Natural Hazards: Journal of the International Society for the Prevention and Mitigation of Natural Hazards, 2025, vol. 121, issue 7, No 9, 8038 pages

Abstract: Abstract Climate change has contributed to shifting extreme events' frequency, intensity, spatial extent, duration, and timing, affecting communities and regions worldwide. Yet, disaster governance grapples with addressing the effects of emerging and unexpected spatiotemporal patterns of hydroclimatic variability on the built and natural systems. This study aims to create a workflow to identify sources of flood disaster governance improvement using flood risk attributes for three major flood events at state and district levels in India. The flood risk-based framework quantifies vulnerability, exposure, and hazard to evidence the potential critical drivers of flood disaster improvement in the affected areas.
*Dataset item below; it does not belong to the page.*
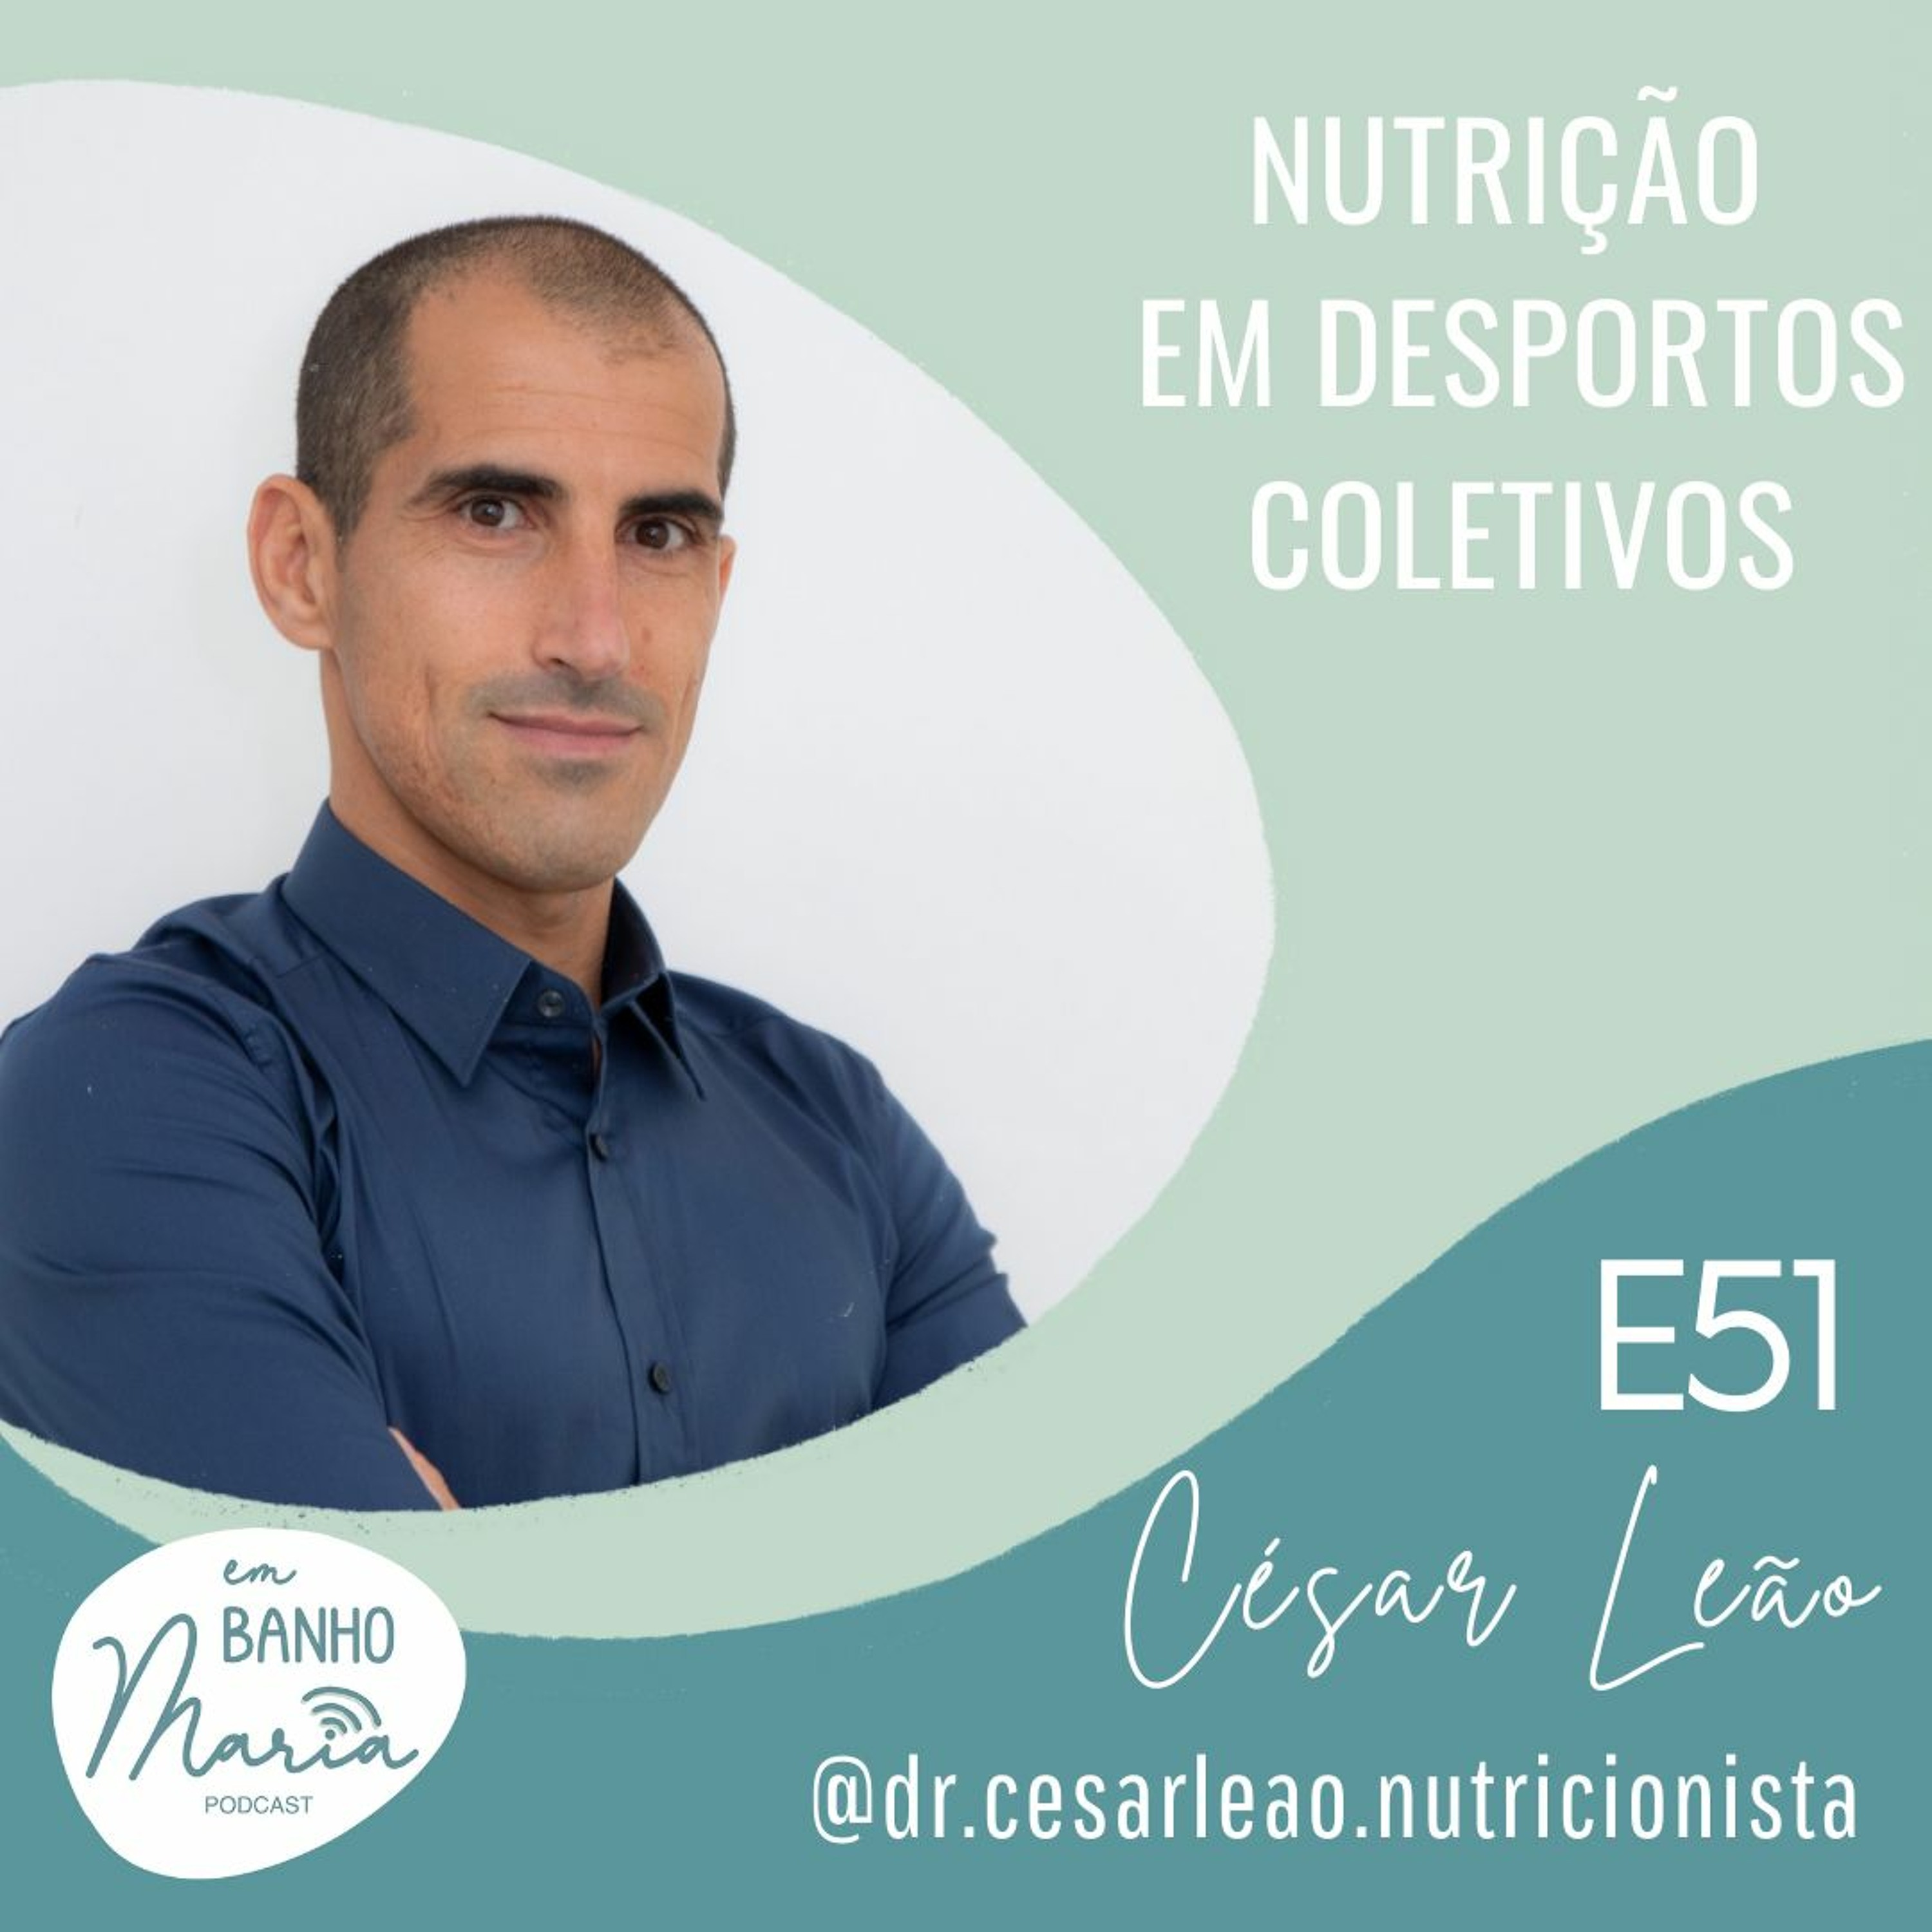 E51: Nutrição em Desportos Coletivos, com César Leão

Three major flooding events occurred between 2005 and 2020 in India's Maharashtra, Uttarakhand, and Assam states are characterized by their hazard, vulnerability, and exposure risk attributes. A comprehensive compilation of precipitation anomalies, augmented by media data and hazard mapping flow accumulation (F), rainfall intensity (I), geology (G), land use (U), slope (S), elevation (E) and distance from the drainage network (D) and global sensitivity analysis (FIGUSED-GSA), presiding over the estimation of flood exposure (using runoff Peak-over-threshold return periods), socio-economic vulnerabilities (using the equal weightage method), and risk (as a product of hazard, exposure and vulnerability). These methods will be useful for the data scarce regions as well. The estimates of flood risk and its components will aid in highlighting the areas of possible actions needed to create more effective flood governance frameworks at both the state and district level.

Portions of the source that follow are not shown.